Overview
Mistakes are inevitable. But when it comes to training machine learning (ML) models, which mistakes are most important to avoid? How can we quantify the risks associated with mislabeling training data and take action to mitigate them?
These are key questions to consider when training AI and ML tools to detect illicit transactions on cryptocurrency networks. For these AI tools to successfully identify illicit and non-illicit nodes, they must have properly labeled datasets. However, labeling such datasets is difficult and costly, as it requires experienced analysts to investigate multiple networks and make their best judgments. Necessary inferences may lead to labeling errors, and analysts and policymakers need to be prepared.

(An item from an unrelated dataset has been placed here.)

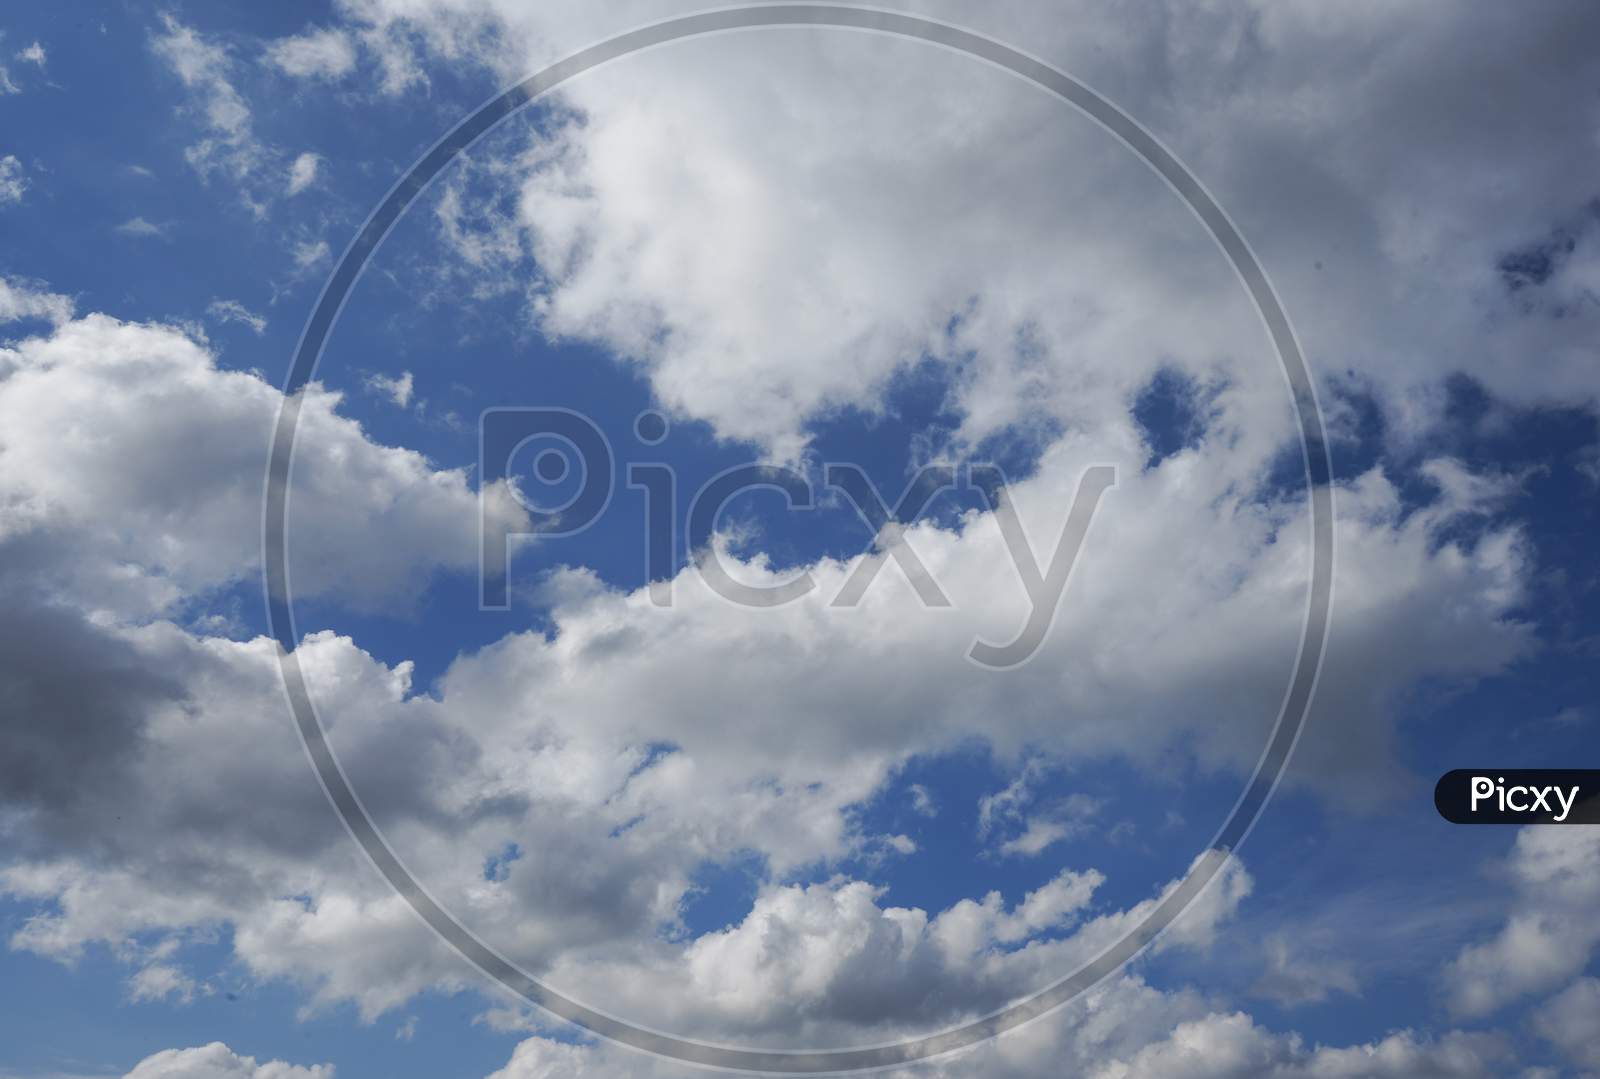 White Clouds Spread All Over The Blue Sky Creating A Contrast And An Abstract Pattern

This NSDPI study evaluates the impact of such labeling errors on ML models’ ability to detect illicit financial activity. Our researchers drew models from active learning research and thoroughly examined them in a less-explored context: financial datasets. They were able to introduce a new model of oracle (analyst) error based on the correlations in biases they observed over the network. By quantifying how mislabeling degrades ML performance, this study clarifies how analysts should approach using active learning strategies to fight financial crime.
Key Takeaways
- Degradation in ML performance depends on the nature of the labeling error and the metric being evaluated; for example, some error models show mislabeling non-illicit nodes mostly reduces precision, while mislabeling illicit nodes mostly harms recall.
- During active learning, any performance improvements from adding more labels reach a clear ceiling before plateauing.
- Under imperfect analysts, active learning performance only improves up to a certain point before declining, highlighting a need for accurate models of analyst error so that queries to analysts can be limited based on their reliability.